DALL-E


DALL-E (stylized DALL·E) is an artificial intelligence program that creates images from textual descriptions, revealed by OpenAI on January 5, 2021.[1] It uses a 12-billion parameter[2] version of the GPT-3 Transformer model to interpret natural language inputs (such as "a green leather purse shaped like a pentagon" or "an isometric view of a sad capybara") and generate corresponding images.[3] It can create images of realistic objects ("a stained glass window with an image of a blue strawberry") as well as objects that do not exist in reality ("a cube with the texture of a porcupine").[4][5][6] Its name is a portmanteau of WALL-E and Salvador Dalí.[3][2]

Many neural nets from the 2000s onward have been able to generate realistic images.[3] DALL-E, however, is able to generate them from natural language prompts, which it "understands [...] and rarely fails in any serious way".[3]

DALL-E was developed and announced to the public in conjunction with CLIP (Contrastive Language-Image Pre-training),[1] a separate model whose role is to "understand and rank" its output.[3] The images that DALL-E generates are curated by CLIP, which presents the highest-quality images for any given prompt.[1] OpenAI has refused to release source code for either model; a "controlled demo" of DALL-E is available on OpenAI's website, where output from a limited selection of sample prompts can be viewed.[2] Open-source alternatives, trained on smaller amounts of data, like DALL-E Mini, have been released by communities.[7]

According to MIT Technology Review, one of OpenAI's objectives was to "give language models a better grasp of the everyday concepts that humans use to make sense of things".[1]

The Generative Pre-trained Transformer (GPT) model was initially developed by OpenAI in 2018,[8] using the Transformer architecture.
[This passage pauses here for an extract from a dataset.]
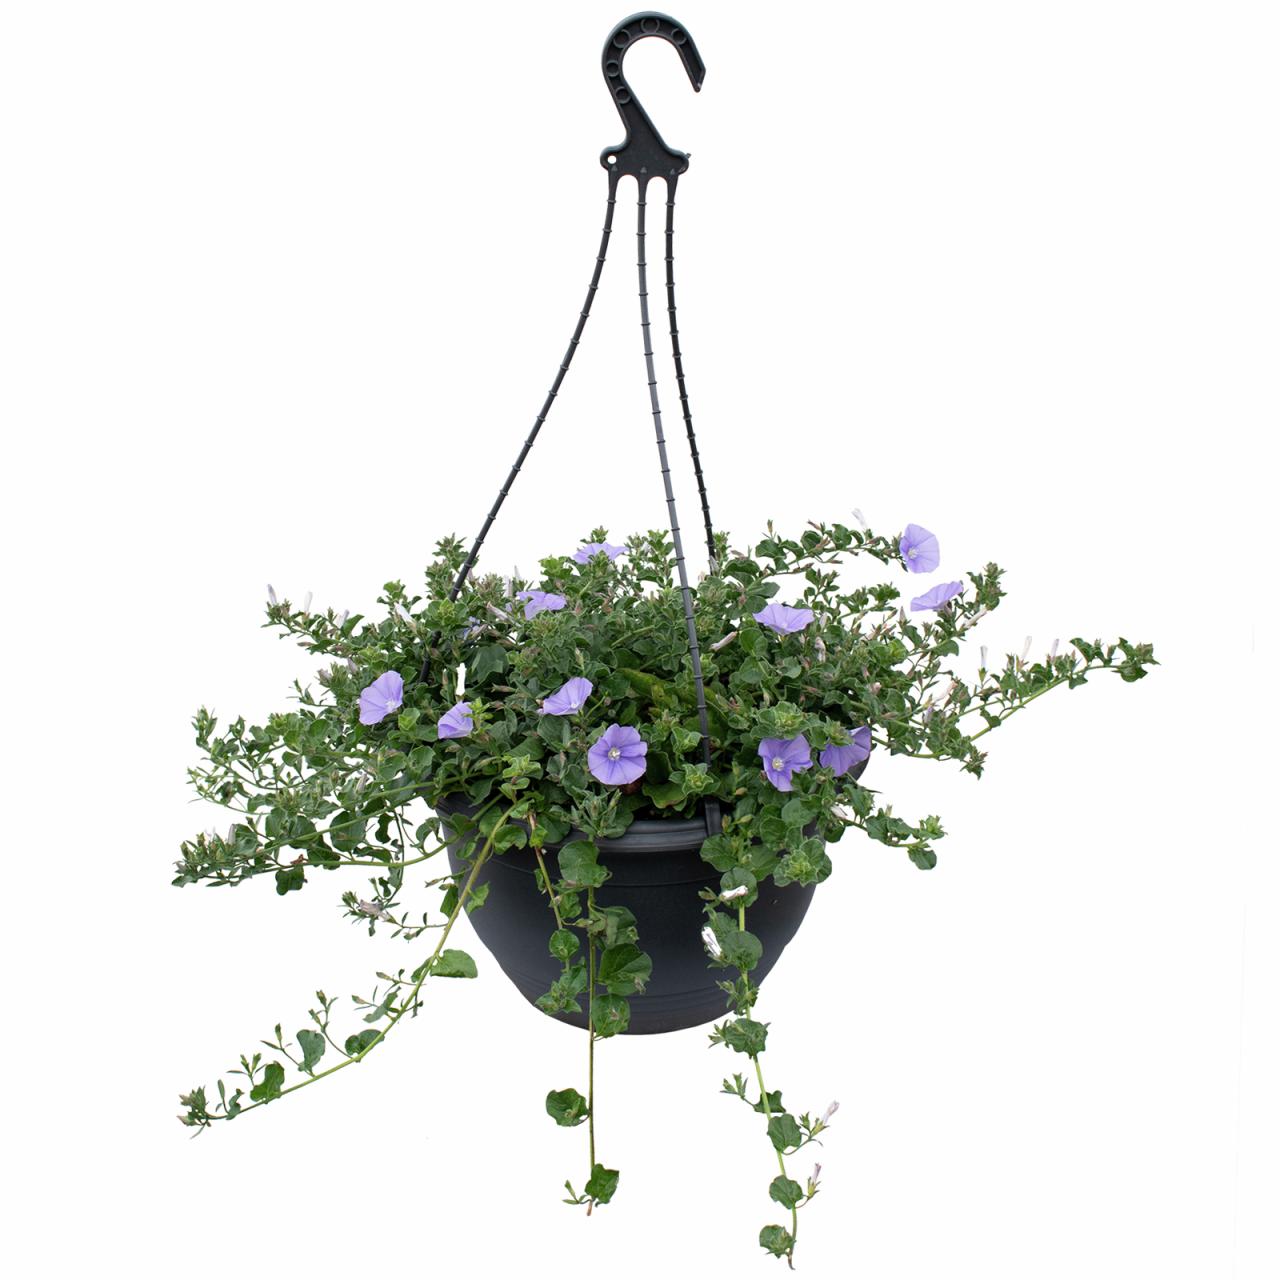 Hanging Plants Indoor | Bunnings Baskets for Plants: A Guide to Choosing, Planting, and Using

The first iteration, GPT, was scaled up to produce GPT-2 in 2019;[9] in 2020 it was scaled up again to produce GPT-3.[10][2][11]

DALL-E's model is a multimodal implementation of GPT-3[12] with 12 billion parameters[2] (scaled down from GPT-3's 175 billion)[10] which "swaps text for pixels", trained on text-image pairs from the Internet.[1] It uses zero-shot learning to generate output from a description and cue without further training.[13]